- 868 Просмотров
- Обсудить
РОБЕРТ ГРЕЙВС \ ПОЭТ \ ПИСАТЕЛЬ \
МИФОЛОГИЯ \ФИЛОСОФИЯ\ ЭТИКА \ ЭСТЕТИКА\ ПСИХОЛОГИЯ\
ГЛАВА ДВАДЦАТАЯ Погребение царя Кизика
Из домов на холме высыпали вооруженные люди, и на берегу разыгралась битва. Аргонавты держались все вместе — за исключение Геркулеса, который рванулся вперед, раздавая направо и налево удары своей ужасной дубиной — противник же бежал беспорядочно. То была первая битва Ясона, его охватила священная ярость. Он ударял копьем, подарком Кизика, темные фигуры, встававшие у него на путл, а тем временем лапиф Полифем своим длинным мечом справа от него и Маленький Анкей своей секирой слева прорубали дорогу к домам. То была кровавая работа, и вот уже десятеро врагов полегло на поле битвы, а остальные обратились в бегство, когда, издав внезапный боевой клич, трое высоких мужчин ринулись с холма. Их предводитель двинулся прямо к Ясону, который выбросил копье вперед и поразил врага. Острие копья вышло около позвоночника, и Ясон не мог высвободить оружие, даже когда уперся ногой в бедра противника. Что касается двух других, один был сражен Маленьким Анкеем, отсекшего ему голову с третьего удара, а другой побежал прочь, крича:
— Мы пропали! О, мы пропали! Наш благородный царь Кизик убит!
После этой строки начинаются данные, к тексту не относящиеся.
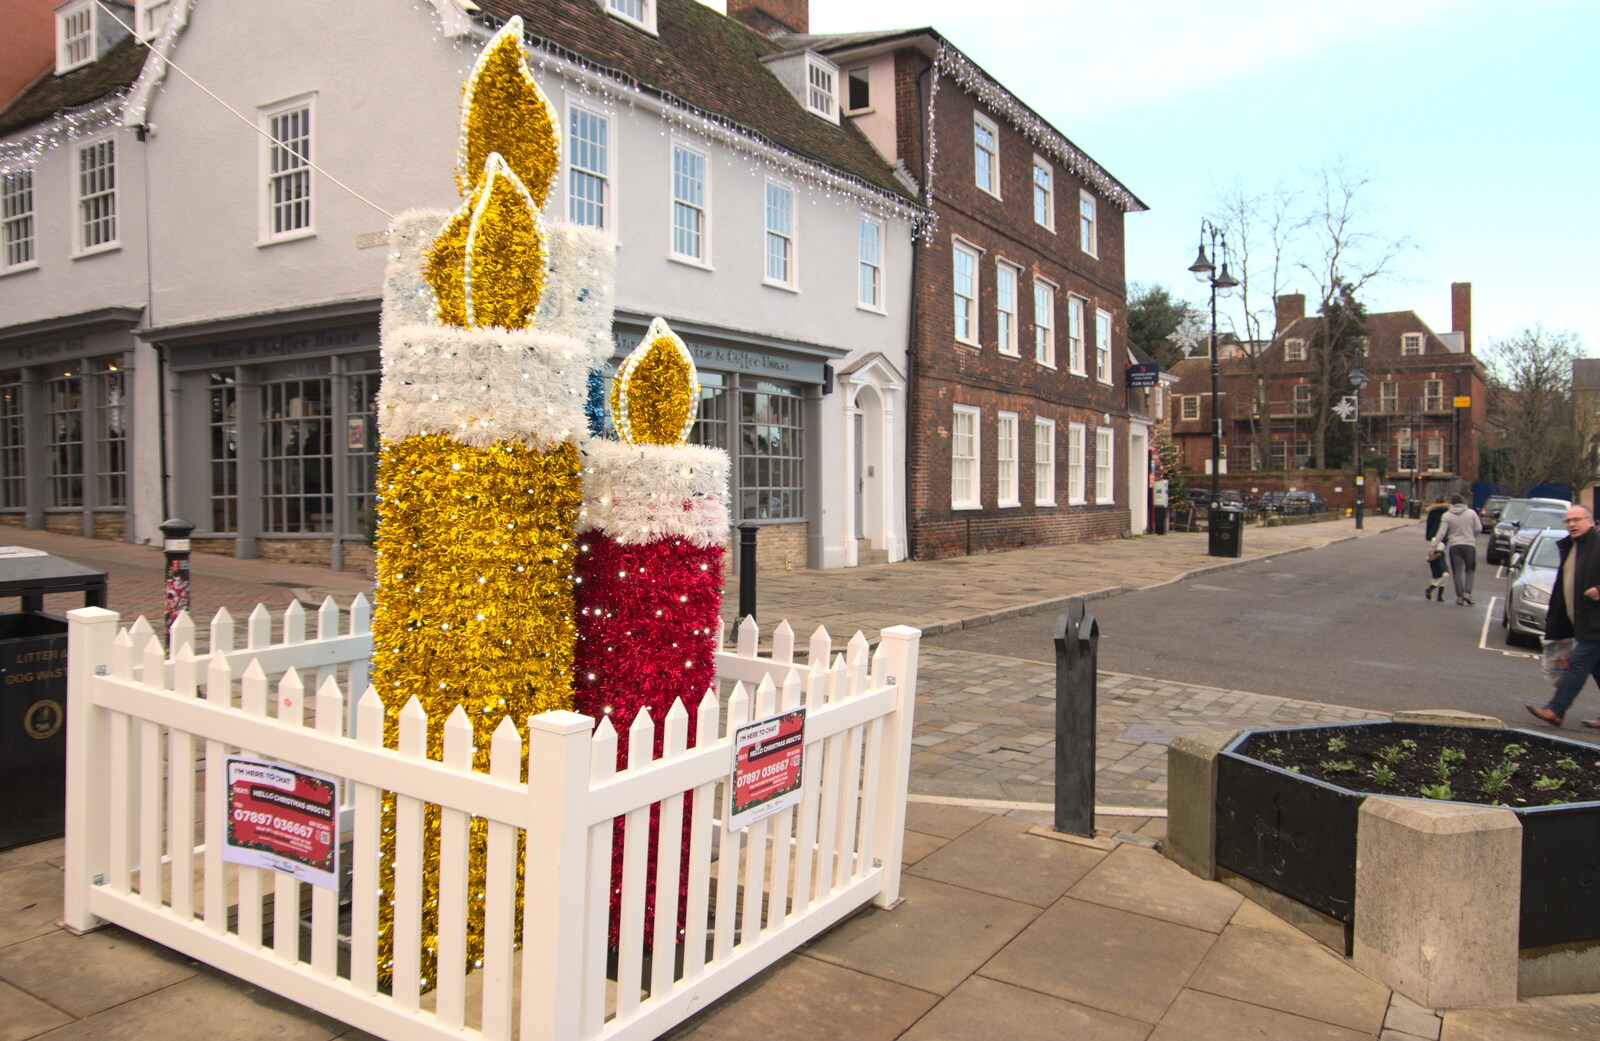 Christmas candles on Angel Hill from A Few Hours in Bury St. Edmunds, Suffolk - 3rd January 2022

Ужас охватил аргонавтов, и Ясон вскричал:
— Света! Света!
Юный Гилас, который тоже всадил дротик в кишки одного врага, схватил дымящийся сосновый факел, который уронил умирающий, и завертел у себя над головой, пока тот ярко не разгорелся. Затем побежал к Ясону, который, склонившись, чтобы рассмотреть человека у своих ног, убедился, что это — действительно царь Кизик, пронзенный копьем, своим даром, которым владел некогда его отец Эней.
Кизик открыл глаза и прохрипел: «Клета! Клета»! затем кровь хлынула у него изо рта, и его не стало.
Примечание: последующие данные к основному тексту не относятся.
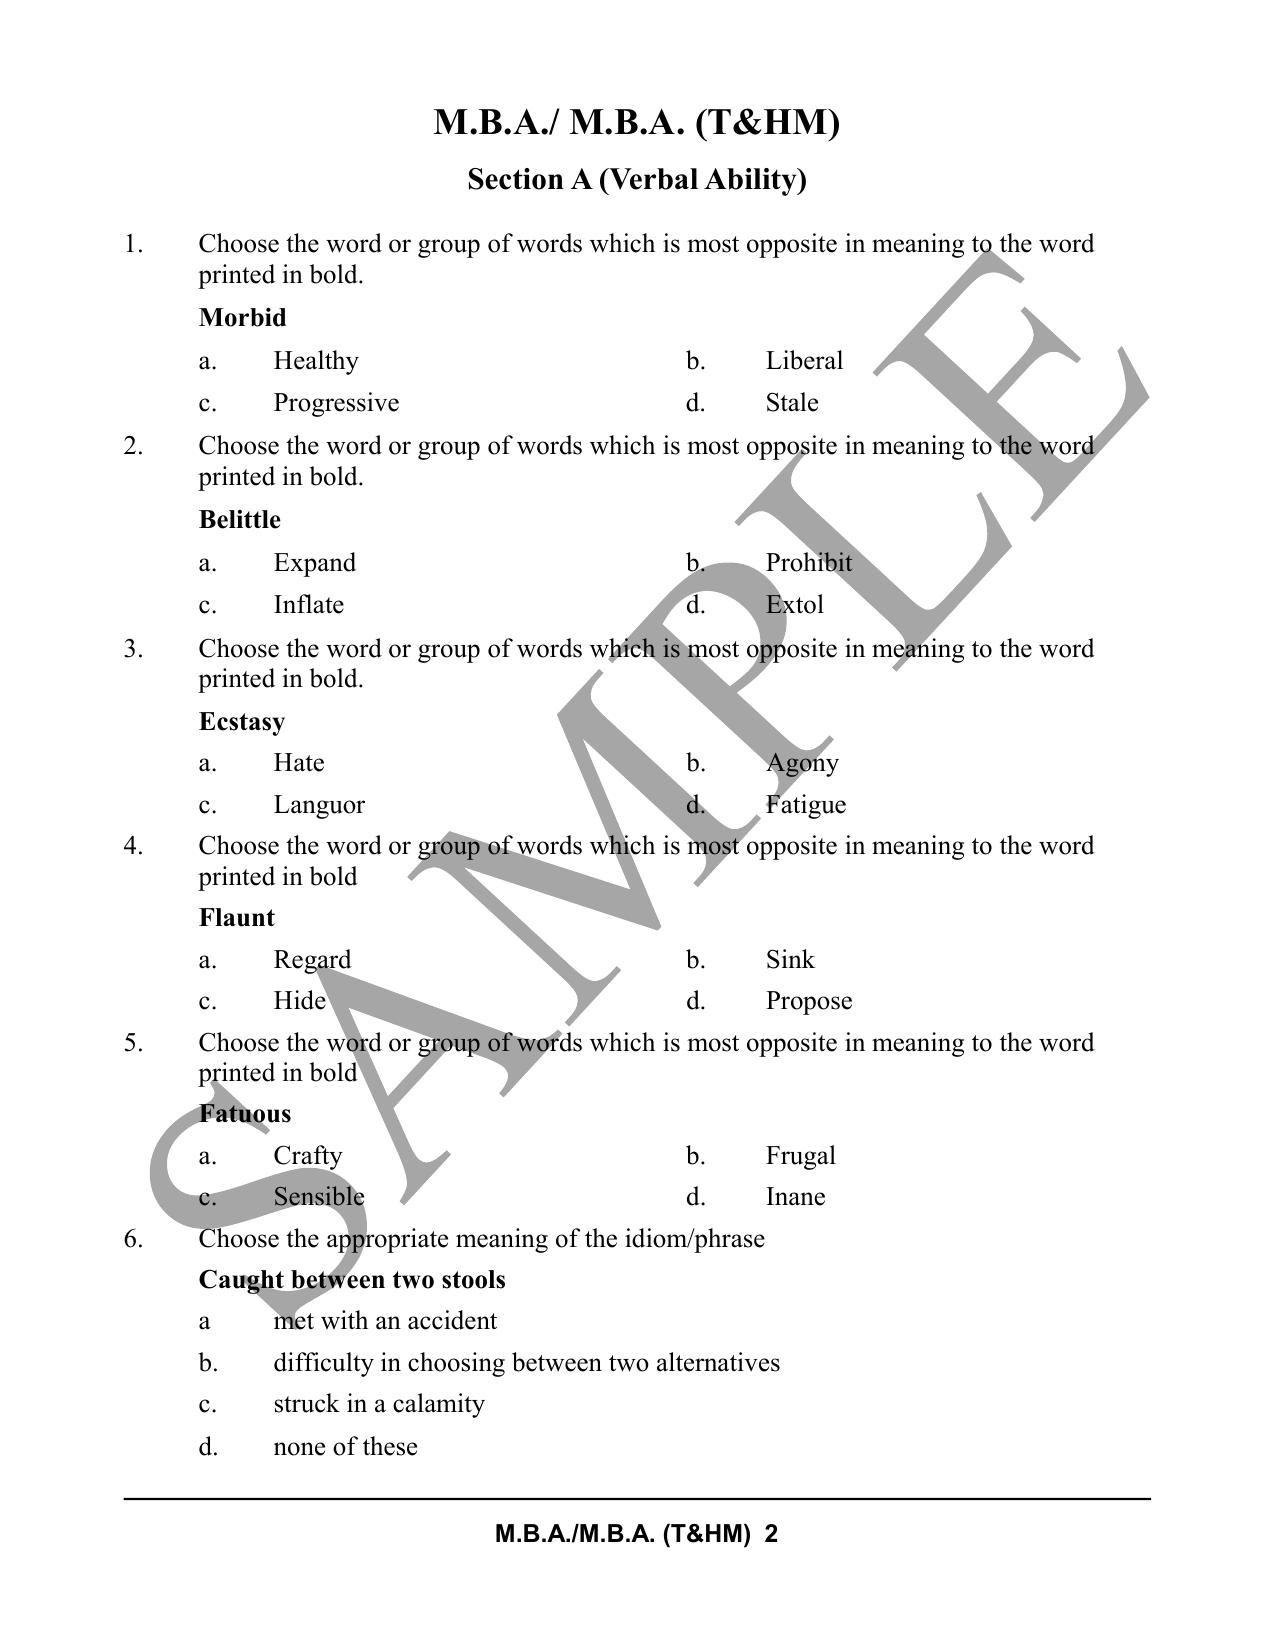 HPCET MBA and MBA (T&HM) Sample Paper 2023 Sample Paper - Page 2

Теперь они наконец поняли, что проскочили устье реки Риндакос, уйдя миль на двадцать пять вперед, и что Триединая Богиня, горькой шутки ради, привела аргонавтов к тому же перешейку, от которого они отплыли за два дня до того, но с другой стороны.
Ясон приказал вестнику Эхиону вступить во дворец и там, по его повелению, заключить мир с Клетой, братом Кизика и оставшимися в живых долионскими вождями. Эхион храбро принял это опасное поручение, но когда он, наконец, получил позволение войти и попросил провести его к Клете, он обнаружил, что она повесилась на балке в своем брачном покое. Он перерезал веревку, но было уже слишком поздно.
Забрезжило утро, светлое и неспокойное. Ветер вздымал огромные волны, с воем набегавшие на пляж и разбивавшиеся в брызги о корму «Арго». Долионы разыскали своих убитых и потребовали за каждого возмещения, и траурный плач, словно волчий вой, раздавался из каждого дома. Аргонавты стояли, подавленные, маленькими кучками, шепчась друг с другом. Только Идас осмелился высказаться, он шагнул к Ясону и произнес:
— На нас нет вины за это деяние. Кровь наших дорогих хозяев должна пасть только на их головы. Почему ты пренебрег предупреждением Орфея? Почему не умилостивил Богиню?
Ясон положил руку на рукоять меча и сказал:
— Идас, ты поклялся подчиняться мне, как своему капитану. Теперь я приказываю тебе молчать. Послушай меня. Смерть моего злосчастного царственного брата тяжко давит мне на сердце, и все же я считаю, что мне следует корить за это себя не больше, чем тебя. Ясно, что Великая Богиня всех нас сделала орудиями своего мщения за смерть своего священного льва. Пусть же сама Богиня, а не мы, ответит за содеянное нынче же ночью. Никто из нас не был убит или даже ранен, не считая царапины-другой, что примечательно и ясно показывает, что ее праведный гнев обрушился целиком на долионов.
Идас собрался отпарировать эти слова, когда Геркулес схватил его сзади, и подбросил в воздух, так что тот перевернулся кубарем, и приземлился на ноги.
— Хватит! — молвил Геркулес, покручивая дубинку. Идас сдержал свой гнев.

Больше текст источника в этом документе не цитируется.